Chapter Text
It was an absolutely ordinary Wednesday wandering through the local market after work to pick up some bargain for dinner when the sound hit my ears and made me stop, stock-still, right in the middle of the walkway. This being London, of course, there was promptly an eruption of swearing and loud protests from the people behind me, fortunately breaking the spell long enough for me to scuttle towards the stall in question and listen intently.
‘…driving round on a sunny day, and out of nowhere comes the pouring rain…’
‘Excuse me.’ I managed to attract the attention of the stall owner, who was chain smoking while heavily engaged in reading the sports section from yesterday’s copy of The Sun. ‘That song, the one you’ve got playing-‘
‘You what, love?’
‘…find your way to another town, and someone tries to lay you down, and a feeling hits you right out of the blue…’
‘Who is that?’ I asked urgently. ‘Please, the singer!’
‘Eh?’
‘…that’s just me, thinking of you.’
‘The singer for the song that just finished!’ Frantic now, I wanted to reach across the stall and just shake the man until his stupid flat cap fell off his head. ‘Was it the radio, or-‘
‘Oh, the music?’
‘Yes!’
‘Dunno, love. Just some old mix tape I got at a boot fair.’
‘Really?’ I gaped at him for a moment, then rummaged desperately in my purse. ‘I’ll give you – um – twenty-seven pounds for it. And forty-nine pence.’
‘For some old mix tape?’
‘Please!’
Something about the pleading note in my voice must have finally clocked with him, and he broke into a lopsided sort of grin.

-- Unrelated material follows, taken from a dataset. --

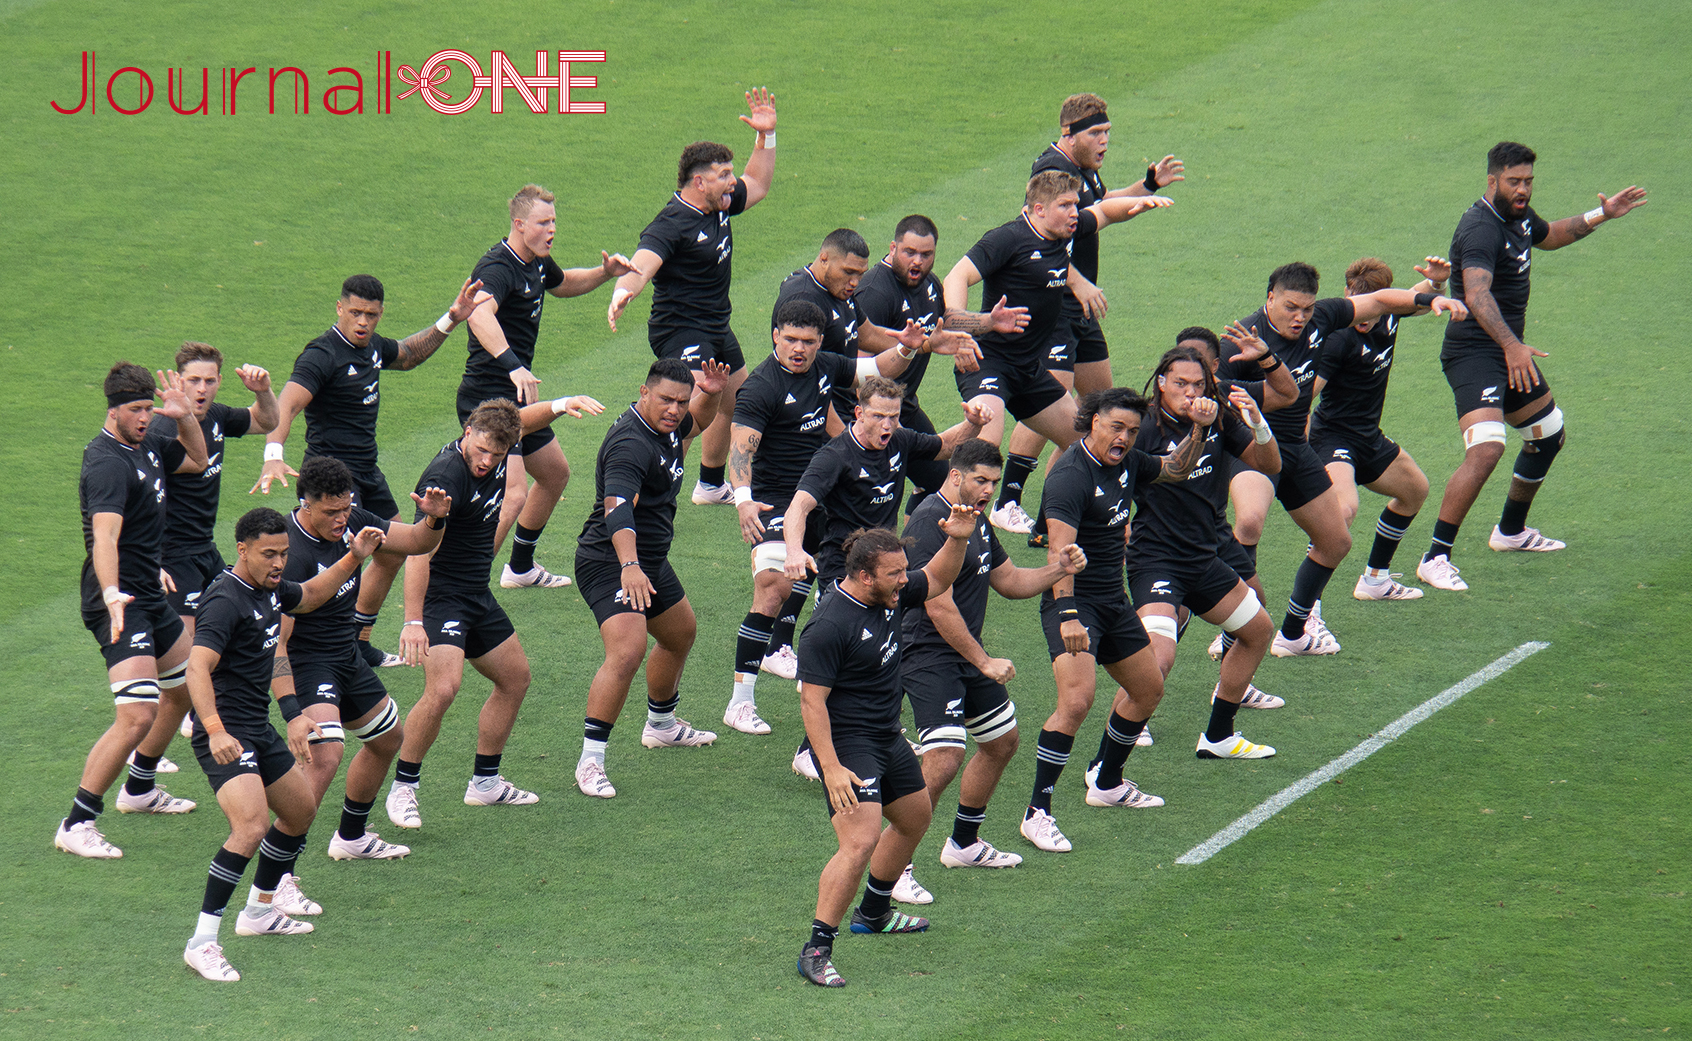 リポビタンD2023| JAPAN XV vs All Blacks XV| ハカを披露するニュージーランド代表選手-Journal-ONE撮影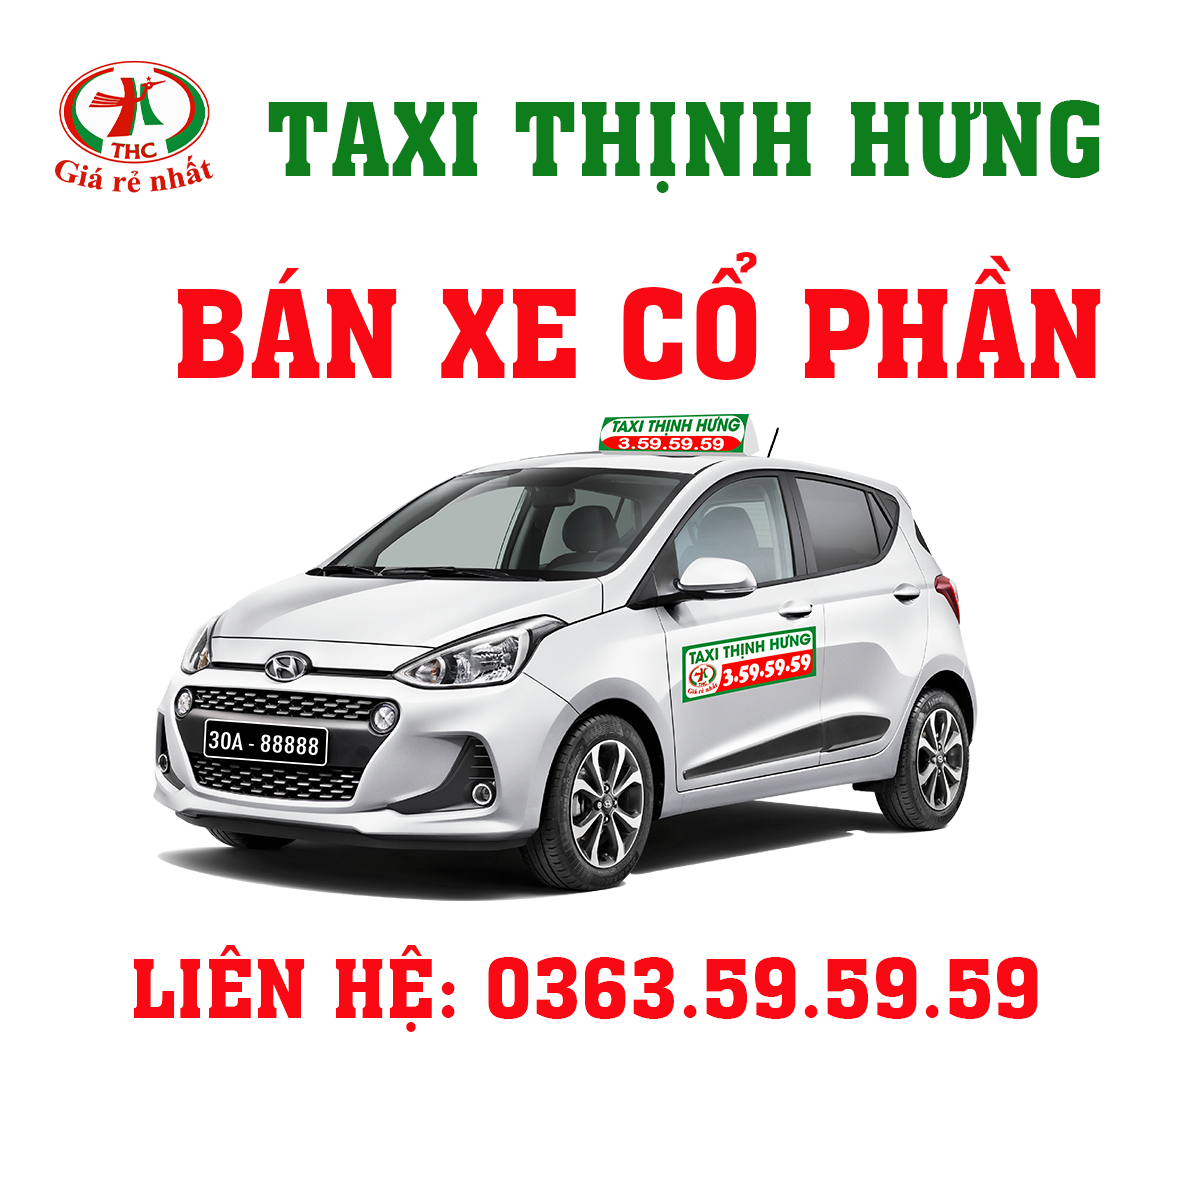 Kỷ niệm 2/9 Thịnh Hưng Group hỗ trợ bán xe trả góp cho anh em như sau

‘Won’t be the first lass to think she heard her voice on some famous chap, I bet. Two ticks.’
Relieved, I danced from foot to foot and tried not to hyperventilate as he rummaged under the stall for a bit. There was a grinding noise, a cuss, and then he straightened with an apologetic expression to hand me the cassette.
‘Sorry love, player’s an old’un, chewed it up a bit. Wound it back in for you, prob’ly still play all right.’
‘Thank you – oh, let me give you-‘
‘For some half-chewed old cassette? Pfft. Go on love, and good luck.’
Burbling thanks, I abandoned my discount grocery hunt and hopped the Tube back home, barging through into the living room so fast that my flatmate exclaimed in alarm.
‘What the-‘
‘Parvi, have you still got that old Walkman your brother gave you?’
‘Uh, yeah. I think so. Why?’
‘Can I borrow it? Please?’
‘Right now?’
‘Please!’
Rolling her eyes, she got up and dug around in her bedroom for a bit, finally emerging with the retro player and a rather tangled pair of headphones.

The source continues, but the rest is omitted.